Task directions.
Return the data that follows, keeping every word and mark unchanged.

Stored records
● ● ● ● ●
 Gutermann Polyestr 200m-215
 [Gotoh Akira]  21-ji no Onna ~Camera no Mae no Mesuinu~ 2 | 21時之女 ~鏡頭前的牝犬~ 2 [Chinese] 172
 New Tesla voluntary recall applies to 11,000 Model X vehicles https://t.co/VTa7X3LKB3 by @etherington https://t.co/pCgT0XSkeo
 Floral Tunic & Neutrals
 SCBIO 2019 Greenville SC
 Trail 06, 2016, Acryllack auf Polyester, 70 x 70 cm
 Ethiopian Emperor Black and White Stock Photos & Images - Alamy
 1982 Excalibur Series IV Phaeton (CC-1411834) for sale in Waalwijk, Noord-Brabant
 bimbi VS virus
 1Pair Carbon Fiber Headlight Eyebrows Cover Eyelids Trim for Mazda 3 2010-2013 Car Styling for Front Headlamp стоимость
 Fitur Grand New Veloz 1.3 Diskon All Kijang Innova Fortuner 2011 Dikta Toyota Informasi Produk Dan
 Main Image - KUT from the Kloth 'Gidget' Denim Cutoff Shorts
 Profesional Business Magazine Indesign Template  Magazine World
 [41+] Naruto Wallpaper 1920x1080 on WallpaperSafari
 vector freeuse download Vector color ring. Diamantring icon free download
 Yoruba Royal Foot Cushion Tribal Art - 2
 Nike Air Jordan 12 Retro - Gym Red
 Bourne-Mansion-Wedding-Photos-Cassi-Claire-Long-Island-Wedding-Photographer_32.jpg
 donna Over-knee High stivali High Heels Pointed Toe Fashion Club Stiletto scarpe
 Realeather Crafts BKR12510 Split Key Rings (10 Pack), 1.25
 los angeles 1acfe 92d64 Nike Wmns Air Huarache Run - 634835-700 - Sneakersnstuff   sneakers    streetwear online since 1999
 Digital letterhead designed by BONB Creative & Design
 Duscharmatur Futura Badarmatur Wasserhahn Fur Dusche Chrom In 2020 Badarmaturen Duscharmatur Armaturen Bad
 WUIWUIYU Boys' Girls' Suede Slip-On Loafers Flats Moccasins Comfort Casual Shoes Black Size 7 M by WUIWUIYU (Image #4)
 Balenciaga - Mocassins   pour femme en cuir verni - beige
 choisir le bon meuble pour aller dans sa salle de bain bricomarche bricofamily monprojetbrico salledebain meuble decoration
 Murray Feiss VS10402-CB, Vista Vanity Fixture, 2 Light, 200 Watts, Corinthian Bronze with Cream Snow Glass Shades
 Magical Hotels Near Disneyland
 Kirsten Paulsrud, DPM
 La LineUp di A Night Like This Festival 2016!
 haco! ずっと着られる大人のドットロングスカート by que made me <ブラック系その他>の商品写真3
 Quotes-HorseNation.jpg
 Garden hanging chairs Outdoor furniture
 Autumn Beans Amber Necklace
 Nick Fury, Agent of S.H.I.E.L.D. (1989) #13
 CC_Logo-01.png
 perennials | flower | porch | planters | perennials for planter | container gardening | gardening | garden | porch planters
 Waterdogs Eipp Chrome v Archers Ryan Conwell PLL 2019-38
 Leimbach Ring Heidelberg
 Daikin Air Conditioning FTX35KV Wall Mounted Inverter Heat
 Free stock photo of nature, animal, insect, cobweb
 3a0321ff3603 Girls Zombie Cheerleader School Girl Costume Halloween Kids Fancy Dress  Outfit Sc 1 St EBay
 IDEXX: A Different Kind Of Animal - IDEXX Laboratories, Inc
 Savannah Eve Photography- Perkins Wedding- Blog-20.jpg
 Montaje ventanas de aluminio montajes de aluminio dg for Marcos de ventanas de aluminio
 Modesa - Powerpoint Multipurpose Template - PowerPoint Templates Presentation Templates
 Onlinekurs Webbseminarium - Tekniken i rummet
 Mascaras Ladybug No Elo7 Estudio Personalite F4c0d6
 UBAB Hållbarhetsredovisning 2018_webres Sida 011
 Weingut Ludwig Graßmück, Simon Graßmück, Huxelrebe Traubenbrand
● ● ● ● ●
Task answer.
 Gutermann Polyestr 200m-215
 [Gotoh Akira]  21-ji no Onna ~Camera no Mae no Mesuinu~ 2 | 21時之女 ~鏡頭前的牝犬~ 2 [Chinese] 172
 New Tesla voluntary recall applies to 11,000 Model X vehicles https://t.co/VTa7X3LKB3 by @etherington https://t.co/pCgT0XSkeo
 Floral Tunic & Neutrals
 SCBIO 2019 Greenville SC
 Trail 06, 2016, Acryllack auf Polyester, 70 x 70 cm
 Ethiopian Emperor Black and White Stock Photos & Images - Alamy
 1982 Excalibur Series IV Phaeton (CC-1411834) for sale in Waalwijk, Noord-Brabant
 bimbi VS virus
 1Pair Carbon Fiber Headlight Eyebrows Cover Eyelids Trim for Mazda 3 2010-2013 Car Styling for Front Headlamp стоимость
 Fitur Grand New Veloz 1.3 Diskon All Kijang Innova Fortuner 2011 Dikta Toyota Informasi Produk Dan
 Main Image - KUT from the Kloth 'Gidget' Denim Cutoff Shorts
 Profesional Business Magazine Indesign Template  Magazine World
 [41+] Naruto Wallpaper 1920x1080 on WallpaperSafari
 vector freeuse download Vector color ring. Diamantring icon free download
 Yoruba Royal Foot Cushion Tribal Art - 2
 Nike Air Jordan 12 Retro - Gym Red
 Bourne-Mansion-Wedding-Photos-Cassi-Claire-Long-Island-Wedding-Photographer_32.jpg
 donna Over-knee High stivali High Heels Pointed Toe Fashion Club Stiletto scarpe
 Realeather Crafts BKR12510 Split Key Rings (10 Pack), 1.25
 los angeles 1acfe 92d64 Nike Wmns Air Huarache Run - 634835-700 - Sneakersnstuff   sneakers    streetwear online since 1999
 Digital letterhead designed by BONB Creative & Design
 Duscharmatur Futura Badarmatur Wasserhahn Fur Dusche Chrom In 2020 Badarmaturen Duscharmatur Armaturen Bad
 WUIWUIYU Boys' Girls' Suede Slip-On Loafers Flats Moccasins Comfort Casual Shoes Black Size 7 M by WUIWUIYU (Image #4)
 Balenciaga - Mocassins   pour femme en cuir verni - beige
 choisir le bon meuble pour aller dans sa salle de bain bricomarche bricofamily monprojetbrico salledebain meuble decoration
 Murray Feiss VS10402-CB, Vista Vanity Fixture, 2 Light, 200 Watts, Corinthian Bronze with Cream Snow Glass Shades
 Magical Hotels Near Disneyland
 Kirsten Paulsrud, DPM
 La LineUp di A Night Like This Festival 2016!
 haco! ずっと着られる大人のドットロングスカート by que made me <ブラック系その他>の商品写真3
 Quotes-HorseNation.jpg
 Garden hanging chairs Outdoor furniture
 Autumn Beans Amber Necklace
 Nick Fury, Agent of S.H.I.E.L.D. (1989) #13
 CC_Logo-01.png
 perennials | flower | porch | planters | perennials for planter | container gardening | gardening | garden | porch planters
 Waterdogs Eipp Chrome v Archers Ryan Conwell PLL 2019-38
 Leimbach Ring Heidelberg
 Daikin Air Conditioning FTX35KV Wall Mounted Inverter Heat
 Free stock photo of nature, animal, insect, cobweb
 3a0321ff3603 Girls Zombie Cheerleader School Girl Costume Halloween Kids Fancy Dress  Outfit Sc 1 St EBay
 IDEXX: A Different Kind Of Animal - IDEXX Laboratories, Inc
 Savannah Eve Photography- Perkins Wedding- Blog-20.jpg
 Montaje ventanas de aluminio montajes de aluminio dg for Marcos de ventanas de aluminio
 Modesa - Powerpoint Multipurpose Template - PowerPoint Templates Presentation Templates
 Onlinekurs Webbseminarium - Tekniken i rummet
 Mascaras Ladybug No Elo7 Estudio Personalite F4c0d6
 UBAB Hållbarhetsredovisning 2018_webres Sida 011
 Weingut Ludwig Graßmück, Simon Graßmück, Huxelrebe Traubenbrand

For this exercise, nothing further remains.